**What you have to do**
Please print, exactly, only the lines in the entries below from the line that has "man hand som" through the line that has "Шампунь-нейтрализатор для волос". Pictures don't go in.

**The input**
________________________________________

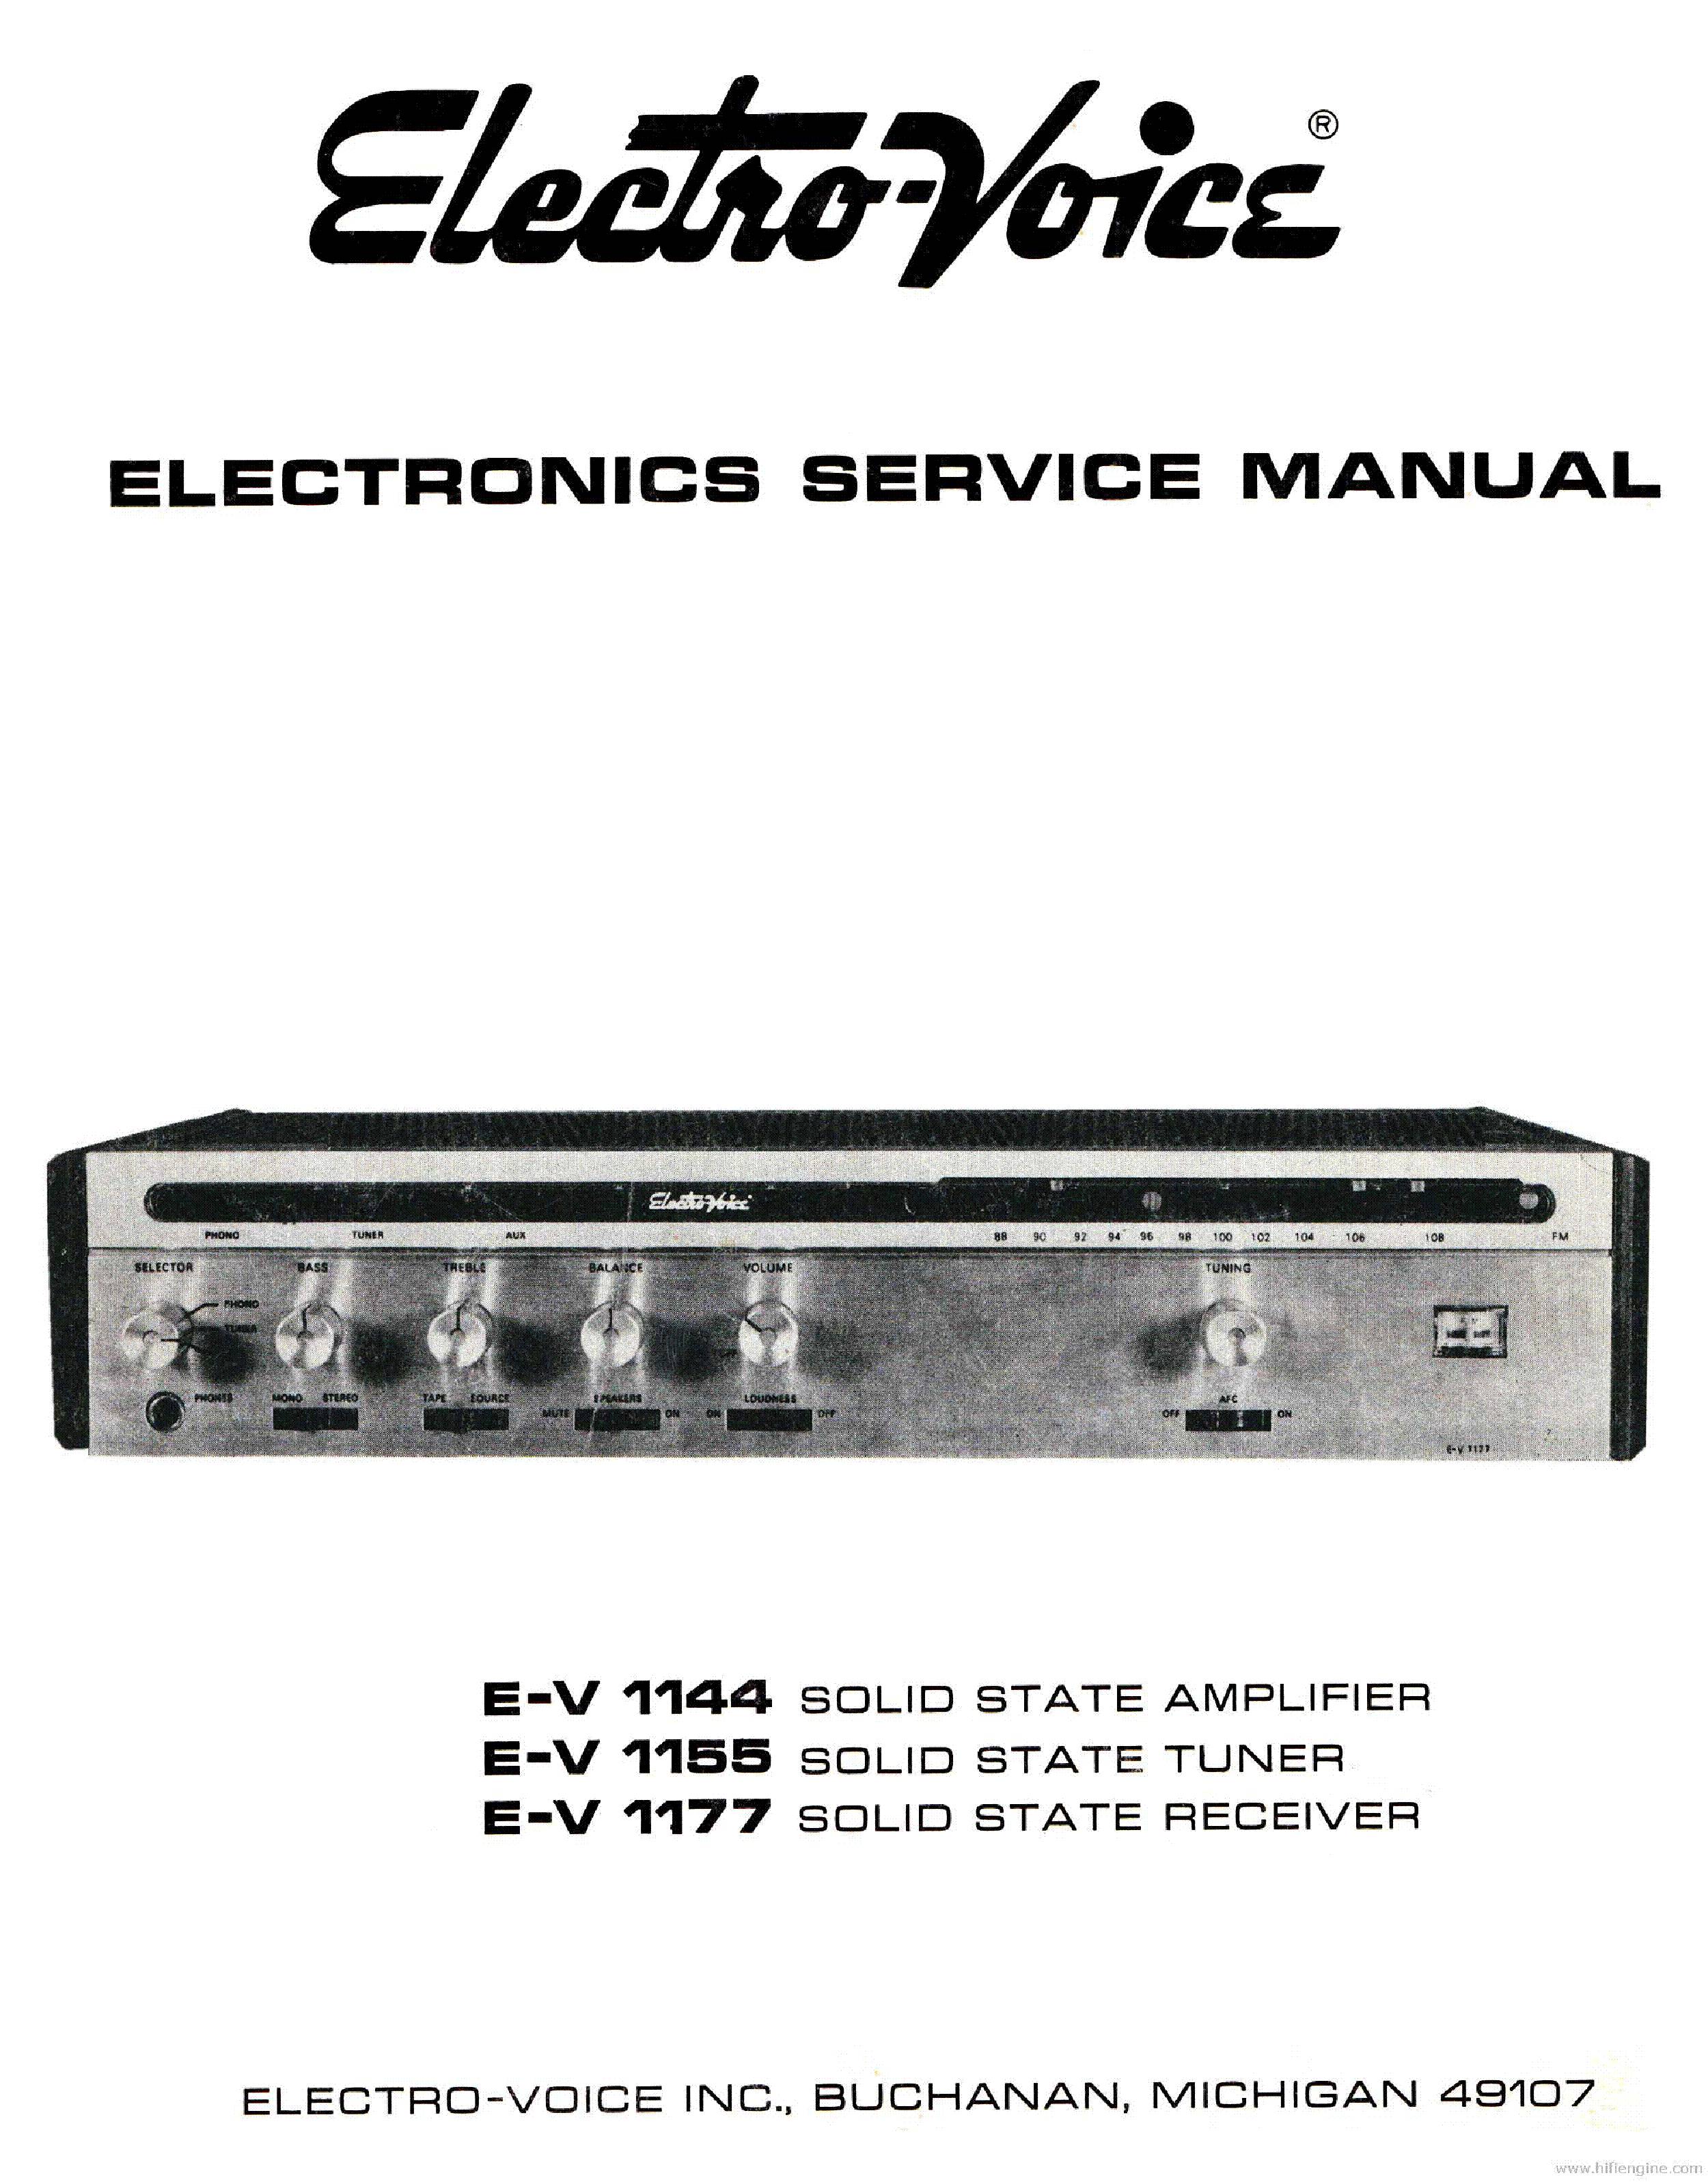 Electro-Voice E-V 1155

________________________________________

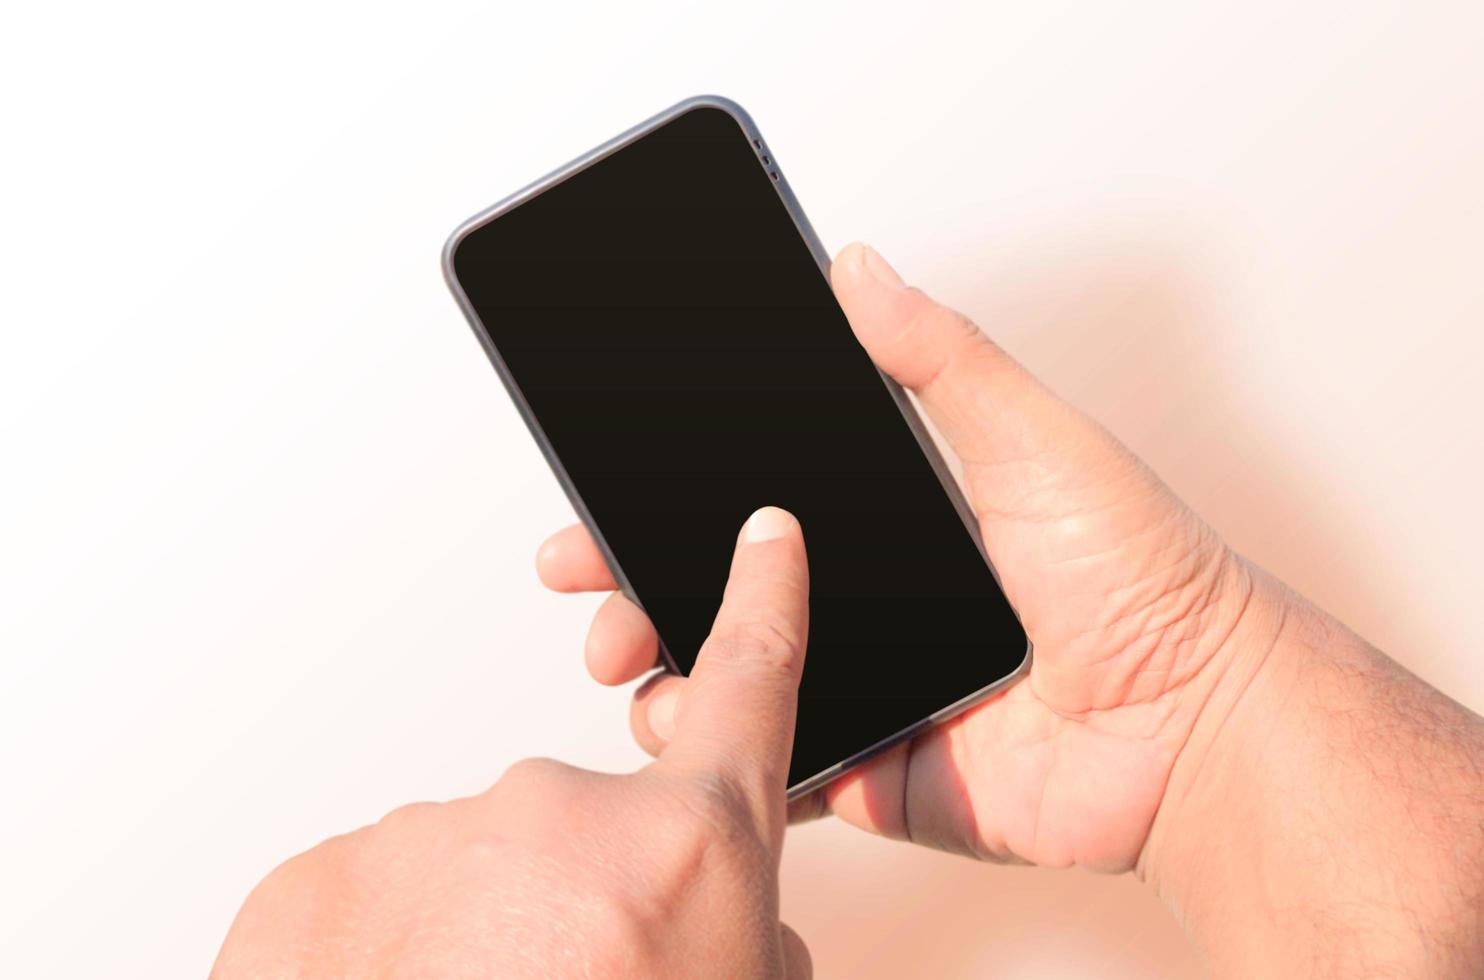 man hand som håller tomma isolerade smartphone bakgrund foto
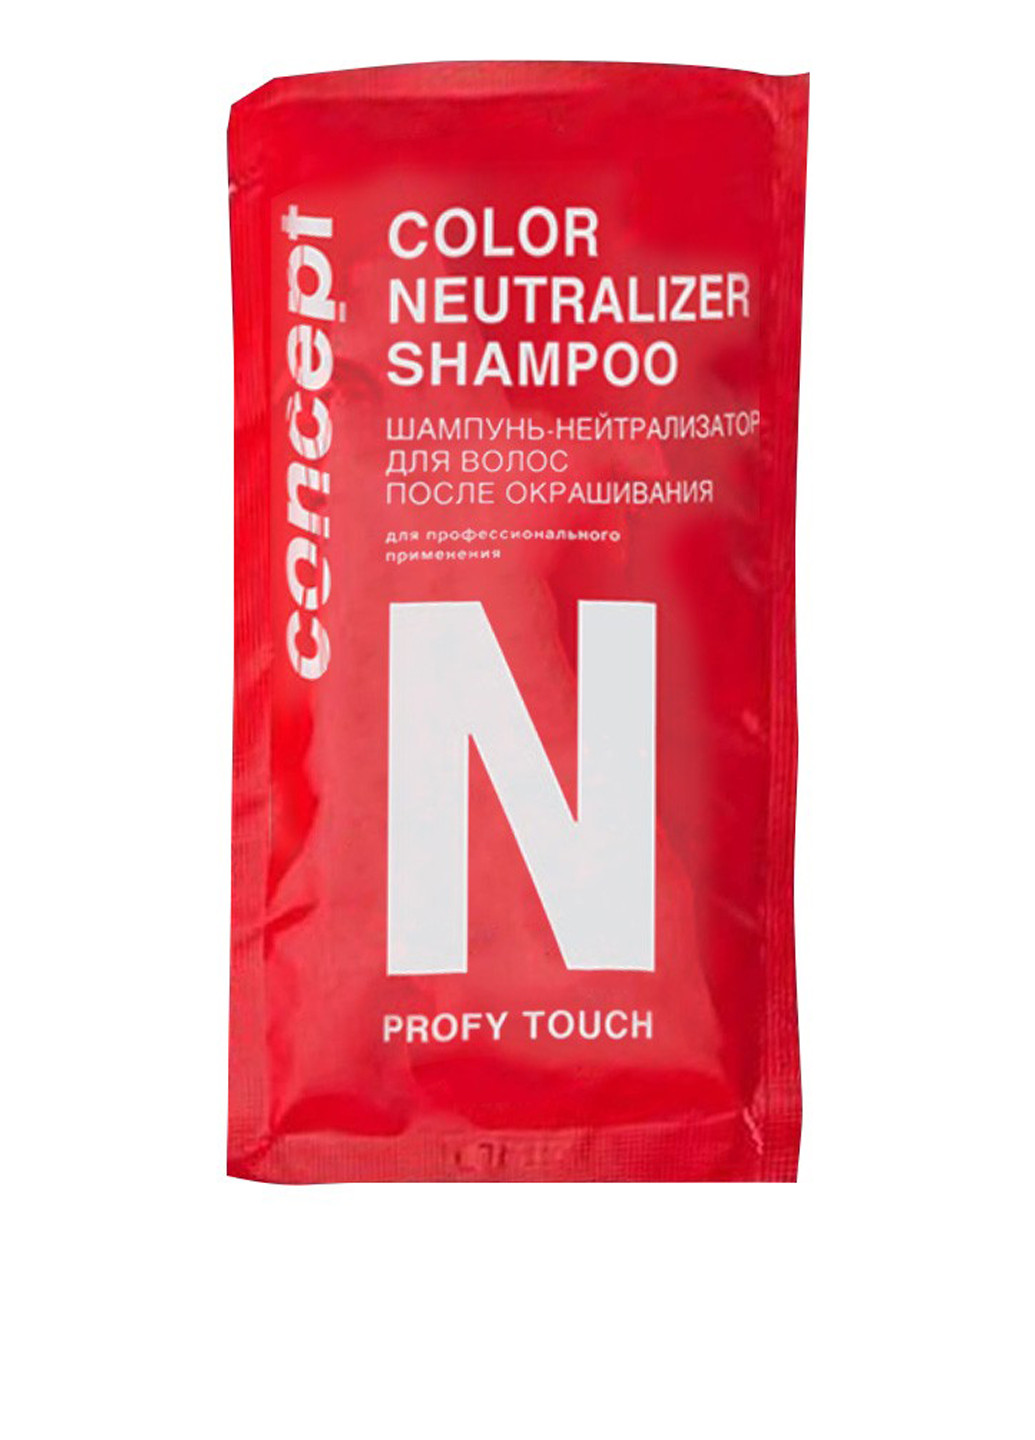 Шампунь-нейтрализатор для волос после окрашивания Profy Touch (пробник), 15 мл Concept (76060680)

________________________________________

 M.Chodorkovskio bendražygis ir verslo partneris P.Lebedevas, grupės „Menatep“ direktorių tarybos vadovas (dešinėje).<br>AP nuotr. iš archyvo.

________________________________________

**Your solution**
 man hand som håller tomma isolerade smartphone bakgrund foto
 Шампунь-нейтрализатор для волос после окрашивания Profy Touch (пробник), 15 мл Concept (76060680)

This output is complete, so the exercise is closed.